# About this exercise:
When the line with "Amazon.com: 3 PCS" turns up below, begin repeating exactly, and carry on through the line with "Boat full of"; no pictures go into the copy.
*** Raw data ***
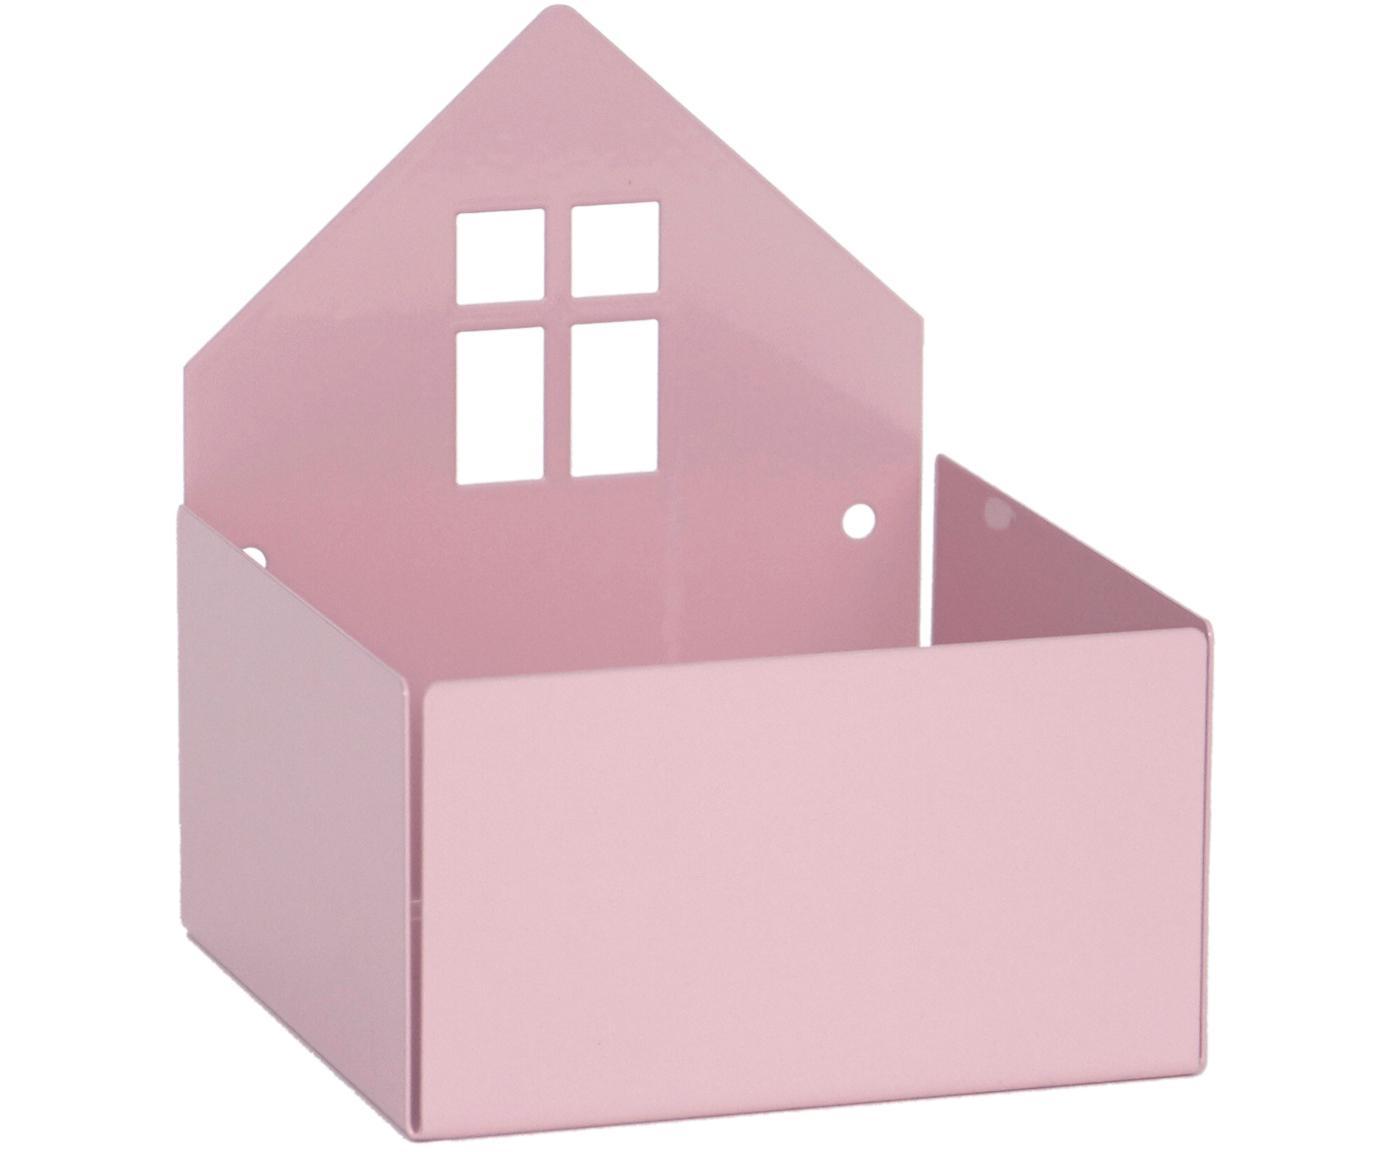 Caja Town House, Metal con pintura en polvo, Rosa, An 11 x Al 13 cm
*** End of Raw data ***
*** Raw data ***
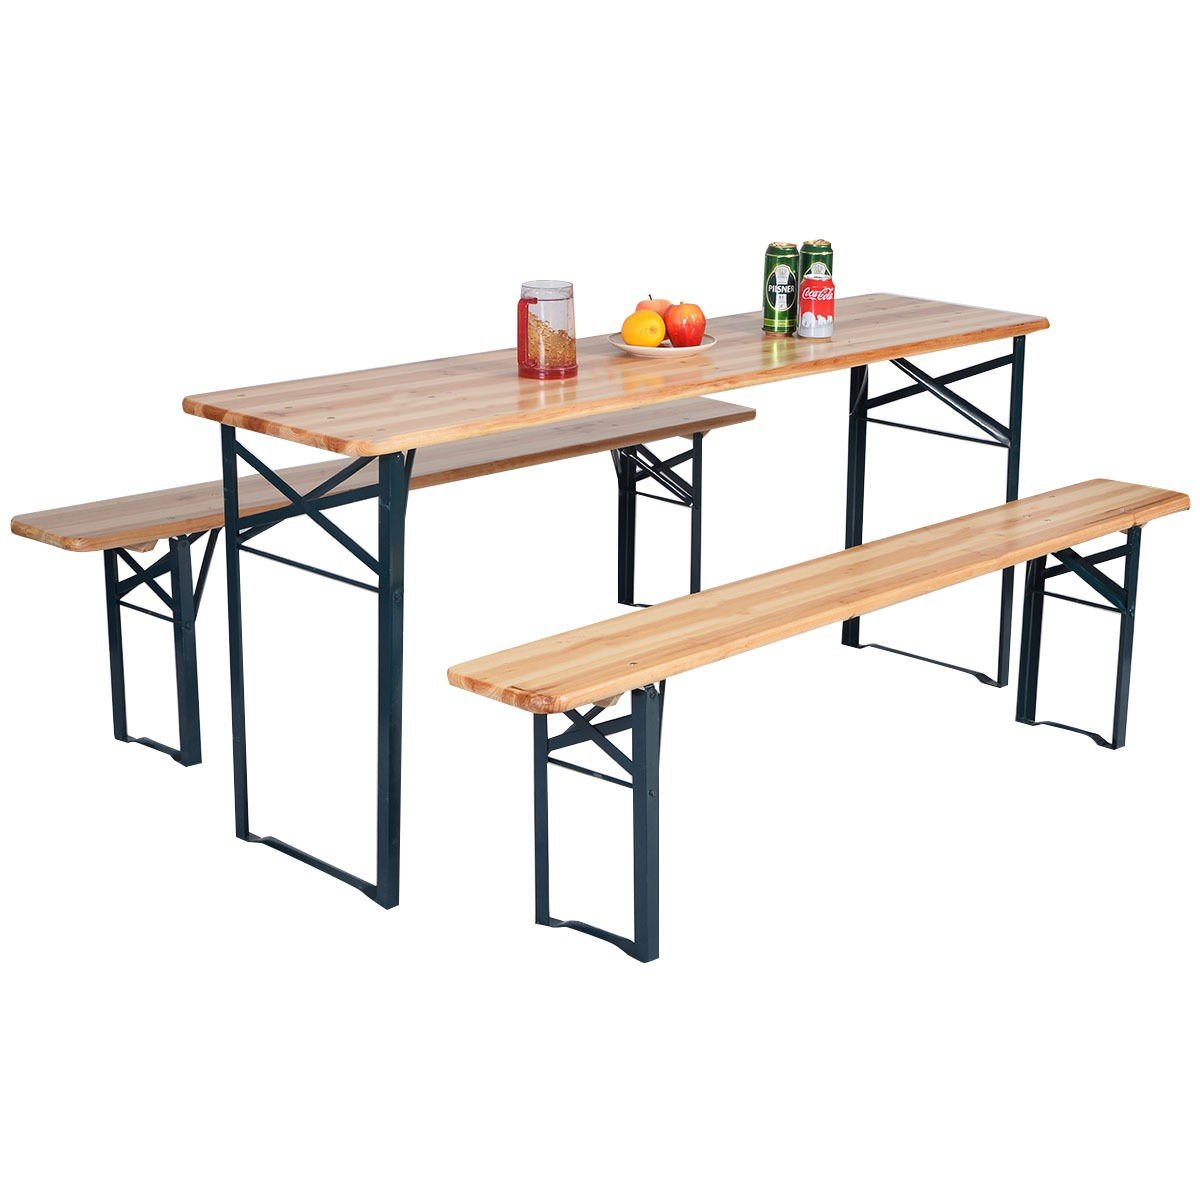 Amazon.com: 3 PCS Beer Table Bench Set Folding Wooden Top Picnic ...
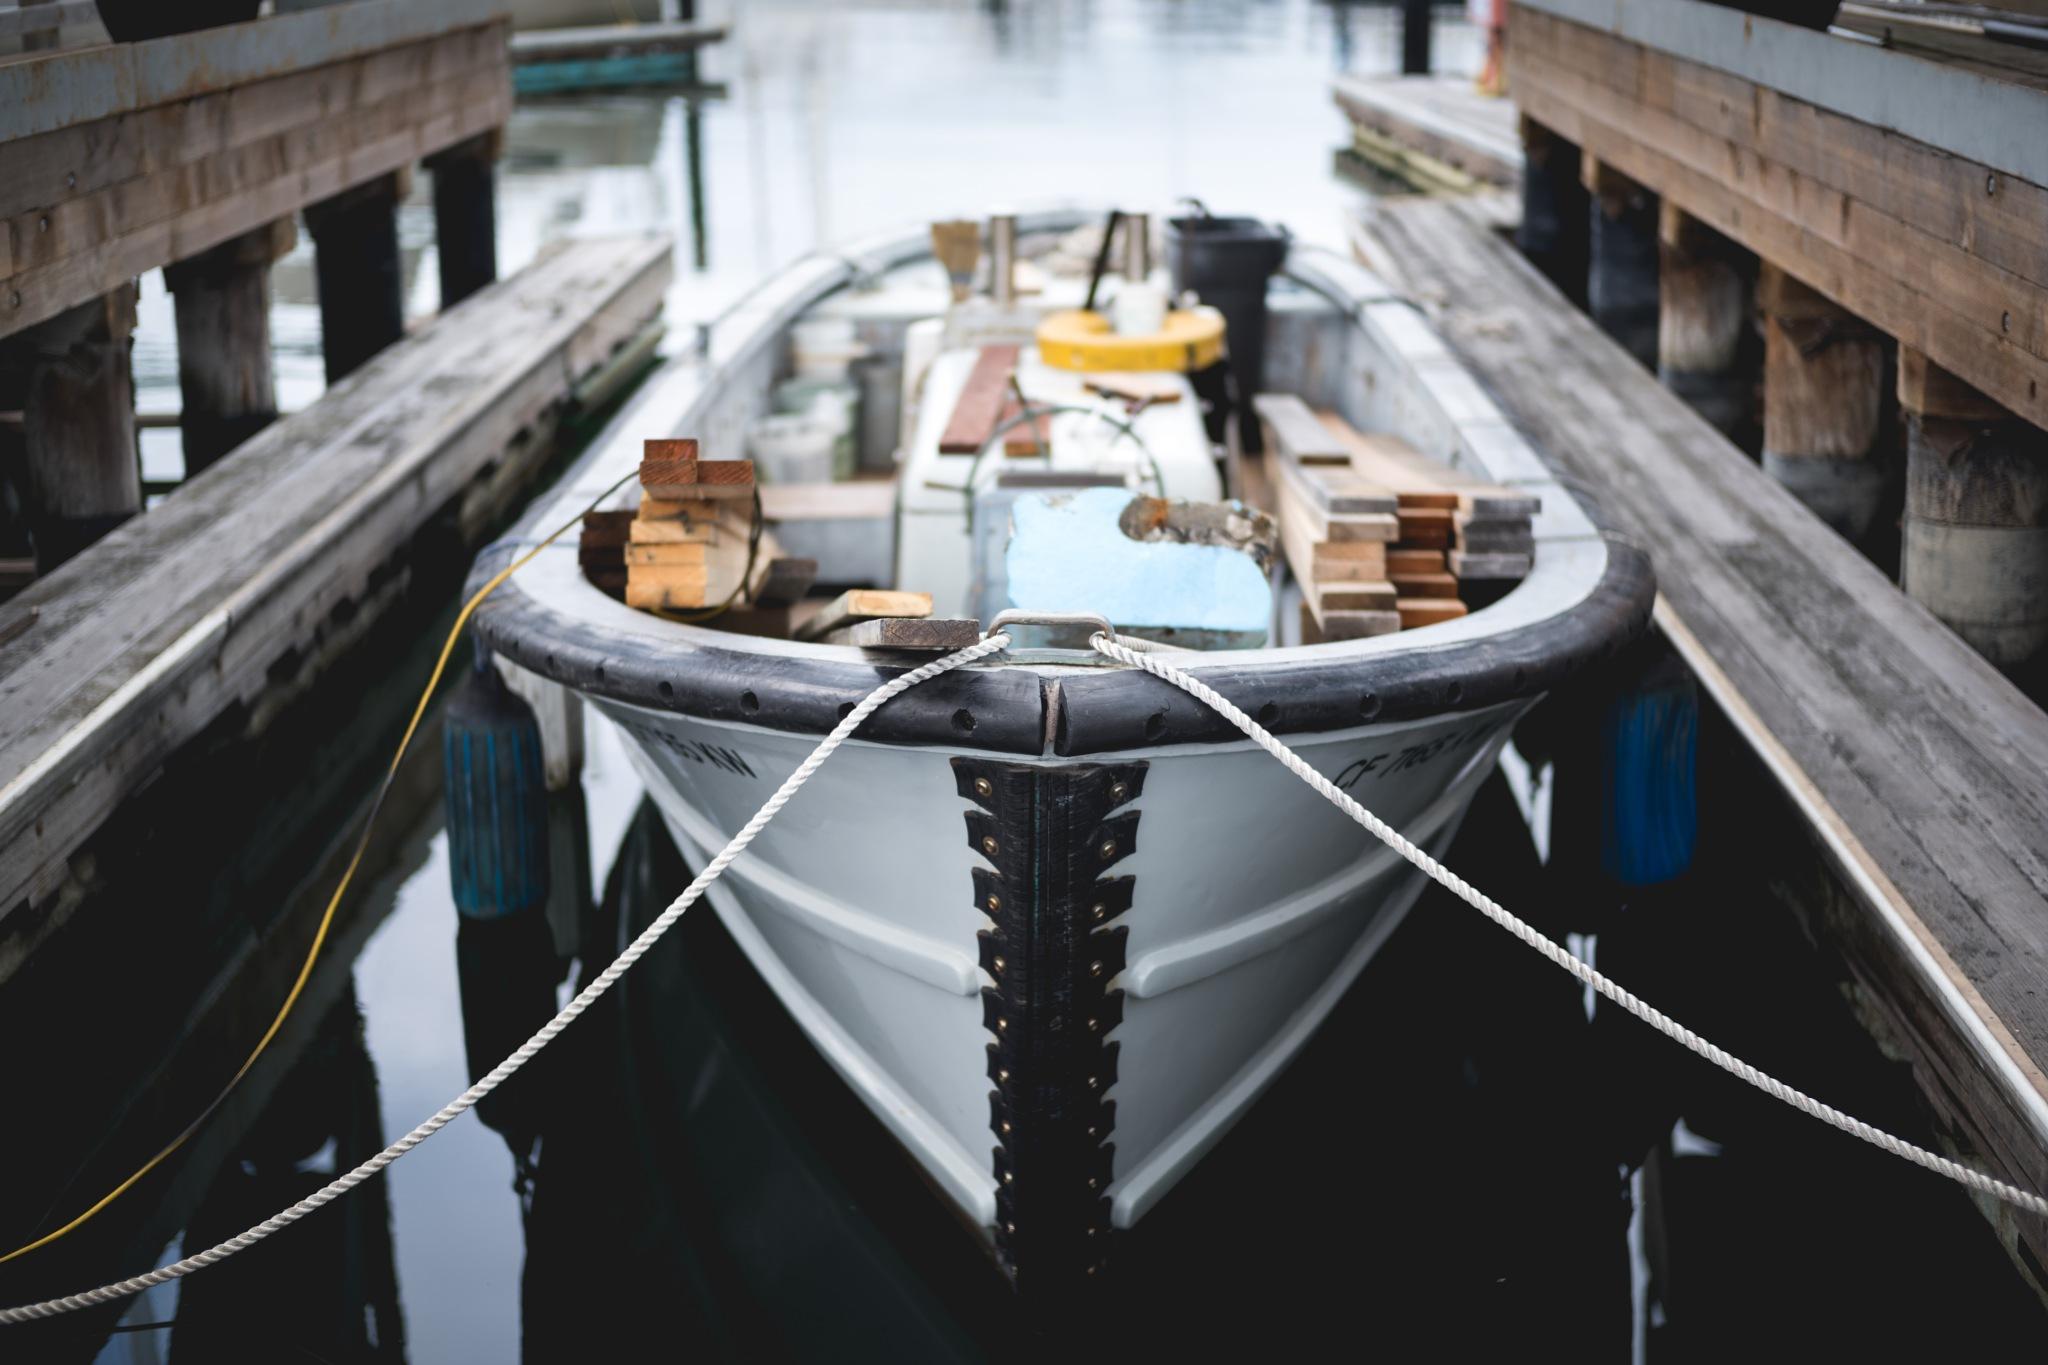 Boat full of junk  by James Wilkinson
*** End of Raw data ***
*** Raw data ***
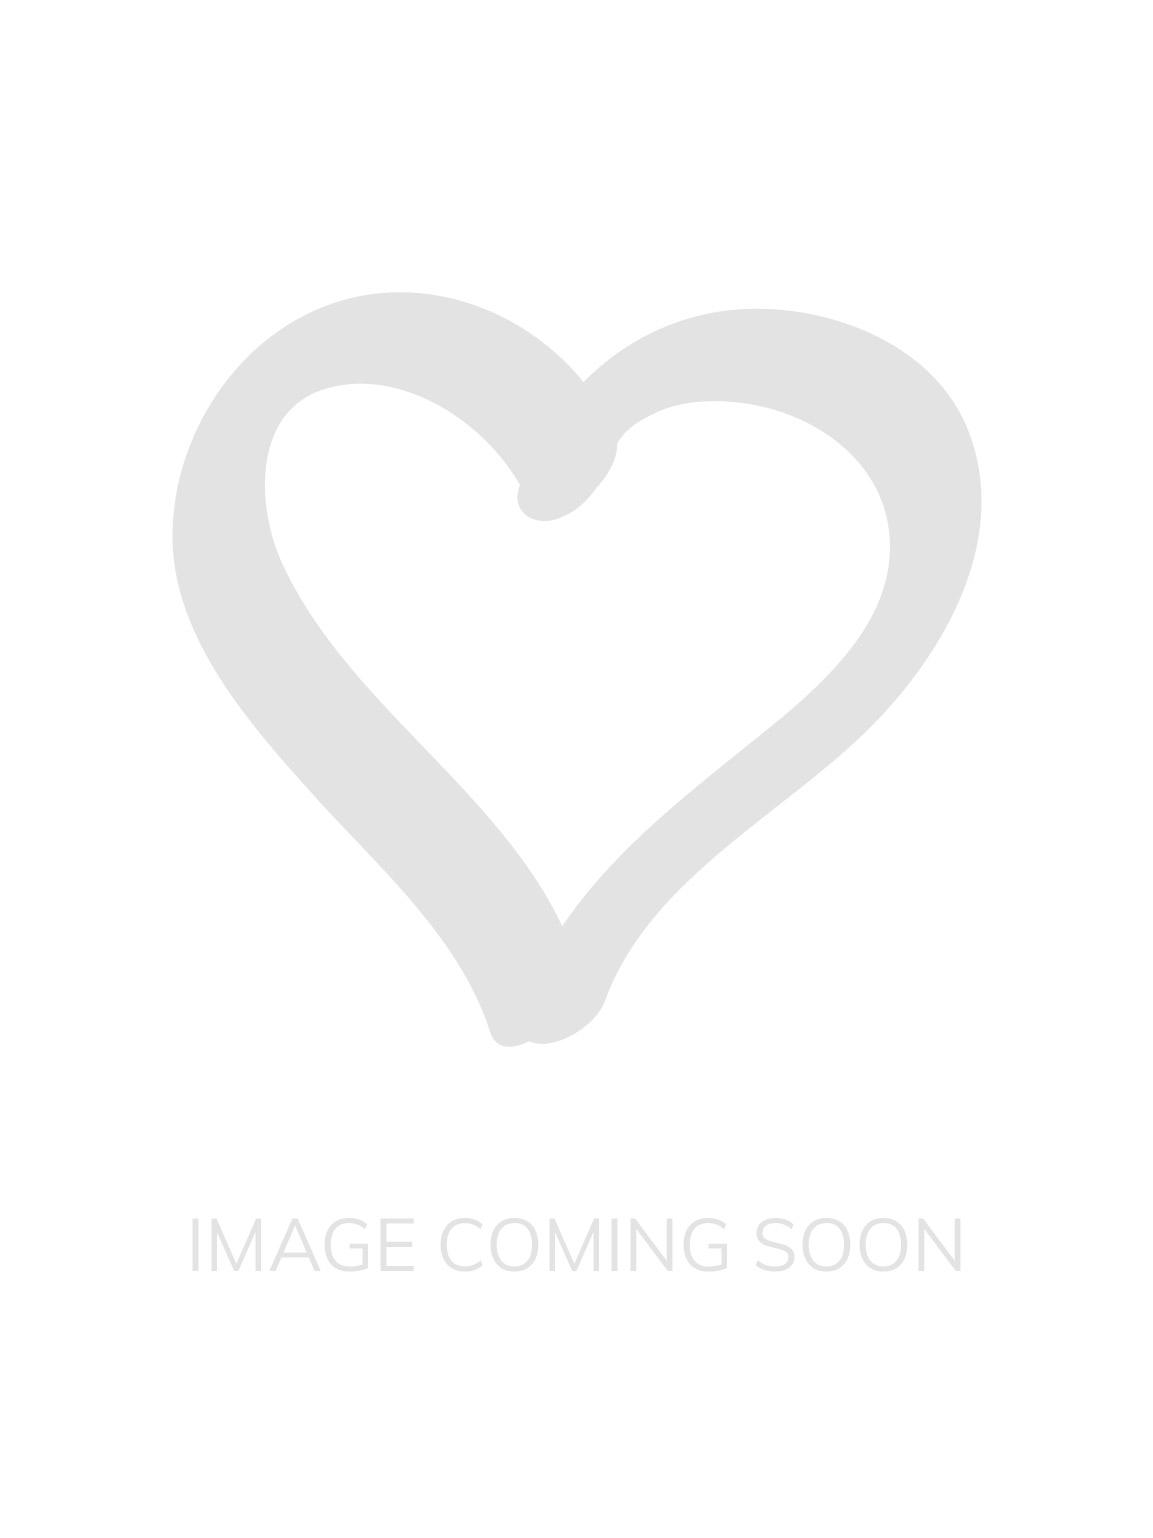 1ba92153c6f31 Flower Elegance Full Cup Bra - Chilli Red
*** End of Raw data ***
# Expected answer:
 Amazon.com: 3 PCS Beer Table Bench Set Folding Wooden Top Picnic ...
 Boat full of junk  by James Wilkinson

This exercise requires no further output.